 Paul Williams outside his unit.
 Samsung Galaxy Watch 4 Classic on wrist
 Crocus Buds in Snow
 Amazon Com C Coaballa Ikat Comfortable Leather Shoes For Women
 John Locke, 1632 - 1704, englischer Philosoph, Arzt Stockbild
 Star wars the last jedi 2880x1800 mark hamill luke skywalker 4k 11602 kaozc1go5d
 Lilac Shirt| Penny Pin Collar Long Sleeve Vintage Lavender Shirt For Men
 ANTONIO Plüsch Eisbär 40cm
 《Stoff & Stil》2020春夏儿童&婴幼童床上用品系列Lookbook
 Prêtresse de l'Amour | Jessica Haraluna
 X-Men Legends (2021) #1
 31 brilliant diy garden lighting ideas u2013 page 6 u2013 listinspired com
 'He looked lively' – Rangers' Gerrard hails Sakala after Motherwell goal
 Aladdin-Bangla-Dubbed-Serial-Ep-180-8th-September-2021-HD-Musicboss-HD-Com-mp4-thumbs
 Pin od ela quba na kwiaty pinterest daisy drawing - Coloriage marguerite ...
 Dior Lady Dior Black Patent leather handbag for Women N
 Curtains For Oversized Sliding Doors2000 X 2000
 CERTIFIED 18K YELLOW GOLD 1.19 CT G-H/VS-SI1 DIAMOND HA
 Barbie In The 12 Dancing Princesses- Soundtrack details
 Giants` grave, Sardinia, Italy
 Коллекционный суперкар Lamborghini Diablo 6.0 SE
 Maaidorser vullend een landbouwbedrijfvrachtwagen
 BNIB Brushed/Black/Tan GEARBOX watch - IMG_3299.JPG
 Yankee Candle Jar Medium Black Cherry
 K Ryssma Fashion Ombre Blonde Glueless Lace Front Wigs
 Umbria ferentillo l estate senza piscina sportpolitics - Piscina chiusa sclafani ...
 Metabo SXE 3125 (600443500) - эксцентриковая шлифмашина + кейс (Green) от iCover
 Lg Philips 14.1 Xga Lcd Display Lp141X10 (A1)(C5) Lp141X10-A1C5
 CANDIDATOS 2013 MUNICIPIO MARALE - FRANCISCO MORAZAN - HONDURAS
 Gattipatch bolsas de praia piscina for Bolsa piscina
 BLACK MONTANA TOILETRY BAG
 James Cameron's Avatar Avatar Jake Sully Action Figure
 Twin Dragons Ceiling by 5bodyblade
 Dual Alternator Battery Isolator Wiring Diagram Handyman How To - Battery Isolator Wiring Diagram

☆ ☆ ☆ ☆ ☆

• **Work task**:
From the line that holds "Umbria ferentillo l" to the last line of the records above, print each line exactly. Add nothing else.

• **Task answer**:
 Umbria ferentillo l estate senza piscina sportpolitics - Piscina chiusa sclafani ...
 Metabo SXE 3125 (600443500) - эксцентриковая шлифмашина + кейс (Green) от iCover
 Lg Philips 14.1 Xga Lcd Display Lp141X10 (A1)(C5) Lp141X10-A1C5
 CANDIDATOS 2013 MUNICIPIO MARALE - FRANCISCO MORAZAN - HONDURAS
 Gattipatch bolsas de praia piscina for Bolsa piscina
 BLACK MONTANA TOILETRY BAG
 James Cameron's Avatar Avatar Jake Sully Action Figure
 Twin Dragons Ceiling by 5bodyblade
 Dual Alternator Battery Isolator Wiring Diagram Handyman How To - Battery Isolator Wiring Diagram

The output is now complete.